И Сережка свое вспомнил: сейчас же рабочие из столовки хлынут. Что же он стоит ни туда, ни сюда. Пойдут люди и надо будет здороваться, начнут торопить к матери: заждалась, супишка-то, однако, простыл…
Шаг, только шаг бы первый сделать, а там как головой в воду и стыда нет. «Объеда-ла-а!» — вдруг закричало все в парнишке, закричало зло, укорно. Еще какое-то мгновенье колебался Сережка, а потом, полный безмерной детской жалости к матери, кинулся бежать от столовой.
После той начальной оттепели опять приударил мороз, снова запосвистывал сиверко, и потянулись через грязноватую синь обледенелых дорог белые ручьистые поземки, закурились верхи высоких сугробов у огородных прясел, ужались, замерли ветлы за поселком: недаром говорится на сибирской сторонке, что марток — это надевай трое порток…
Пустынно на улице Проходной, только собаки хороводятся, да растрепанные воробьи с досадой кричат у мерзлых конских следов… Почти бежал Сережка мимо притихших бараков, и сумка, его фанерная сумка с книжками и тетрадками подгоняла, пристукивала по спине.
В центре поселка он присел на клубной завалине.

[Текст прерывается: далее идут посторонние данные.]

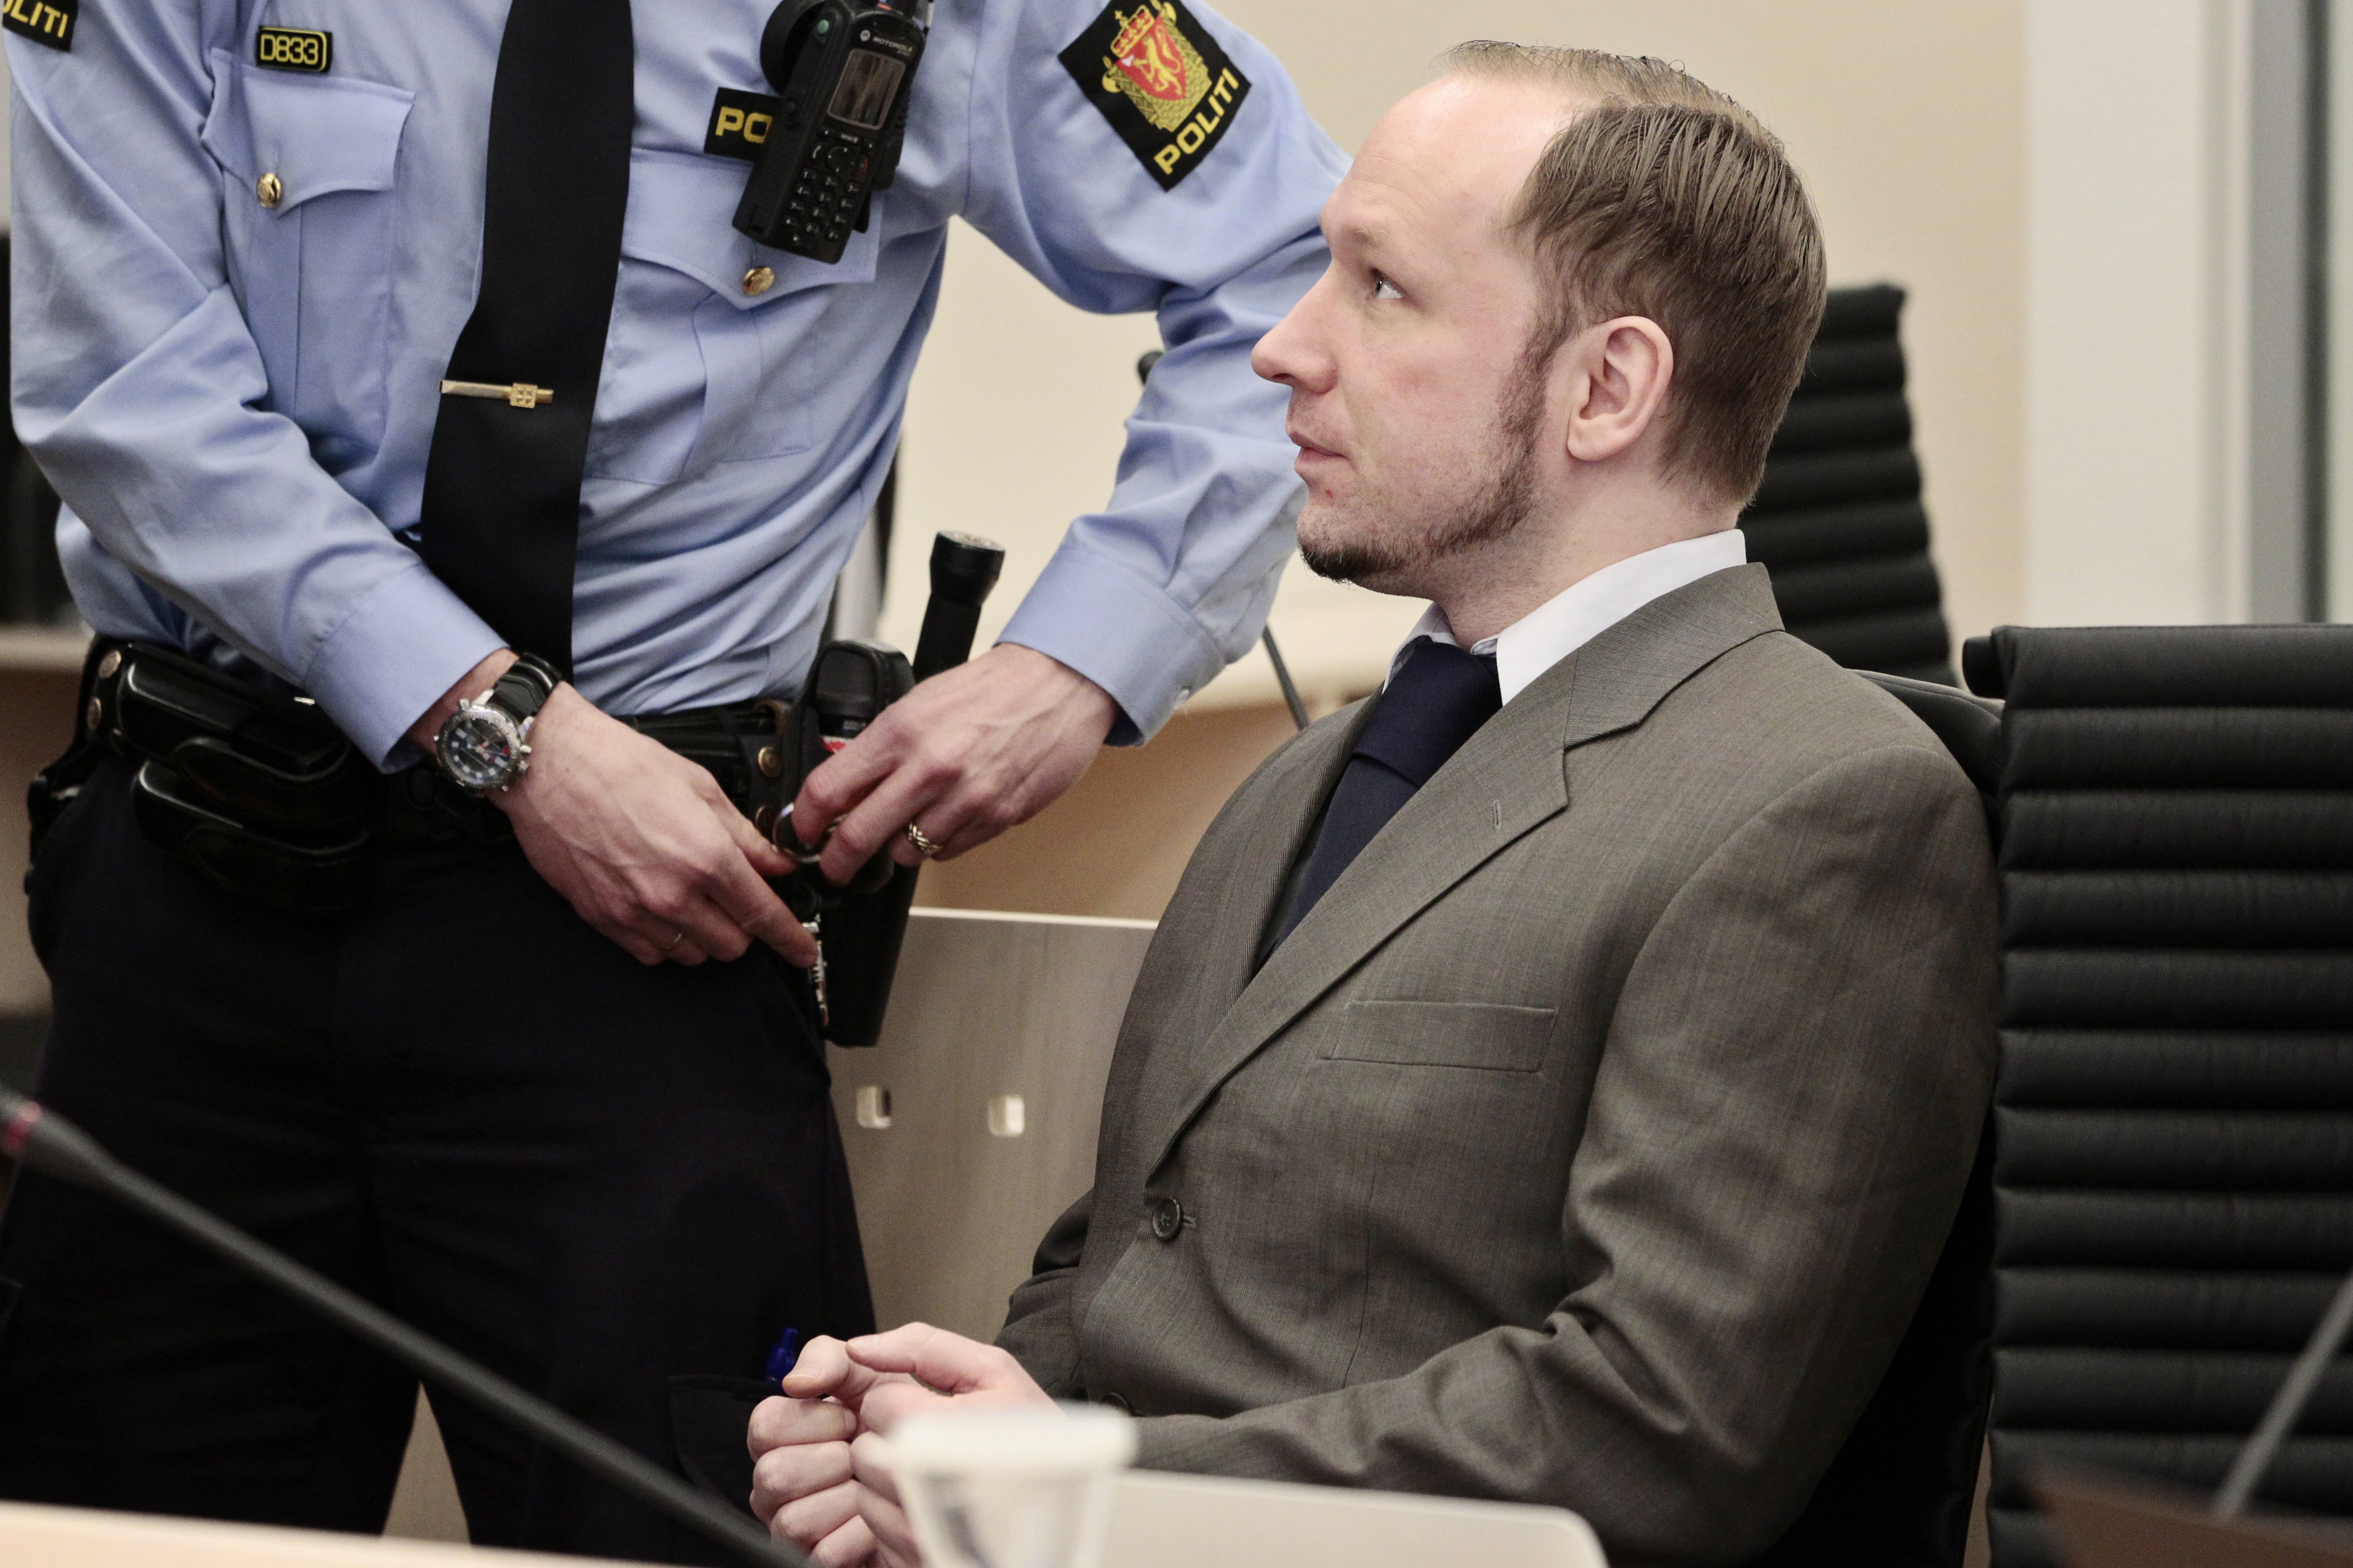 Utøya, Bombattentat, Norge, Oslo, Terrordåd, Skottlossning, Anders Behring Breivik

Из низких снежных облаков продралось греющее уже солнце, разом распустило Сережку, и оттого, что расслабило, в нем снова закричал неутоленный голод.
Он привычно уже заставил себя думать о другом, опять вспомнил утреннее.
Взявшись за дверную скобу, не оборачиваясь, мать спросила его странным, дрожащим голосом:
— Слушай, сынок… Ты ничево такова не чувствуешь, а?
Сережка не понял ее слов, не мог постичь их и грубовато, по-взрослому отозвался:
— Иди-ка ты на работу, второй уж ревел гудок.
Мать будто кто в спину толкнул. Ужалась она в плечах и ударила ногой в разбухшую дверь.